Upon returning to Great Britain in 1947, he was informed that he would inherit Mar Lodge and its estates from his aunt, Princess Arthur of Connaught. In preparation for this role, he read agriculture at Trinity College, Cambridge. After graduating in 1952, he worked for three years as assistant factor on the Linlithgow estates at South Queensferry. Ramsay inherited the Mar estate in 1959. At that point, Lord Lyon King of Arms allowed him to add the designation "of Mar" to his name. Eventually the financial difficulties of running the 73,000 acre Mar estates forced him to sell it to the National Trust of Scotland in 1987.

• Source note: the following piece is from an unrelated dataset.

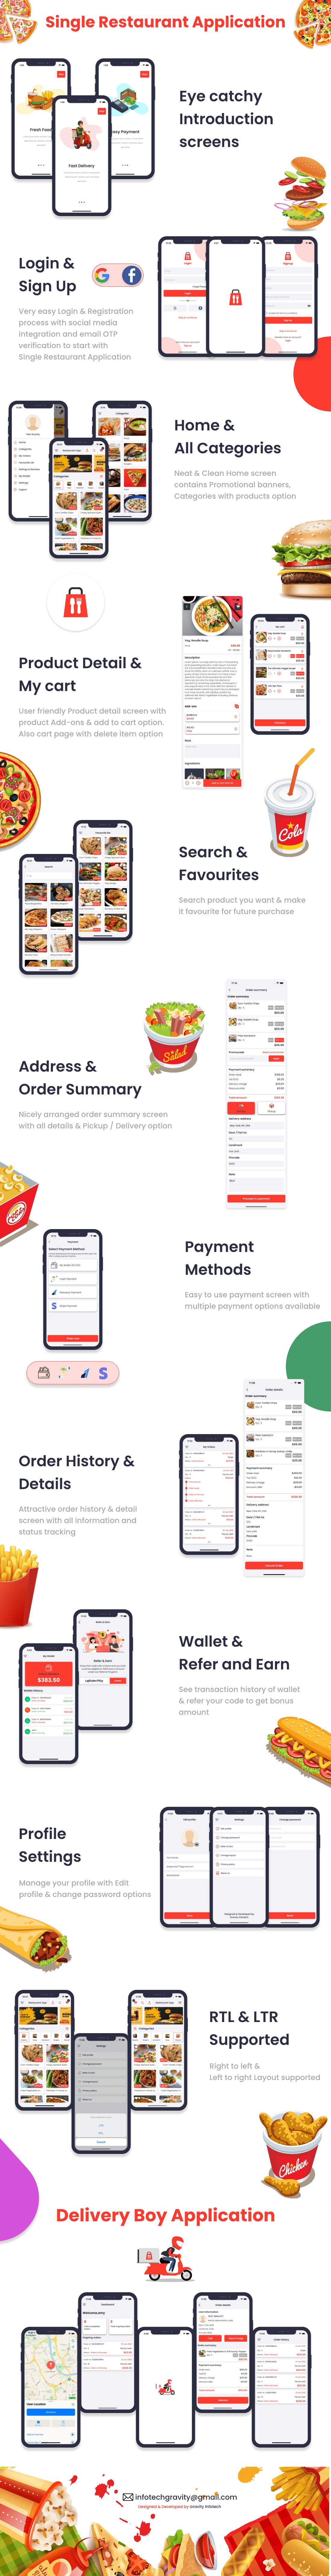 Application de commande de nourriture iOS pour un seul restaurant avec Delivery Boy et panneau d'administration - 9

In 1956, Ramsay married Flora Fraser (18 October 1920-), the only daughter of Alexander Fraser, 19th Lord Saltoun and chief of the Name of Fraser. His wife succeeded her father as the 20th Lady Saltoun and chief of the Name of Fraser in her own right in 1959. Thereafter, they resided at wife's family seat, Cairnbulg Castle at Fraserburgh, in Aberdeenshire. In 1971, he became the deputy lord lieutentant for Aberdeenshire.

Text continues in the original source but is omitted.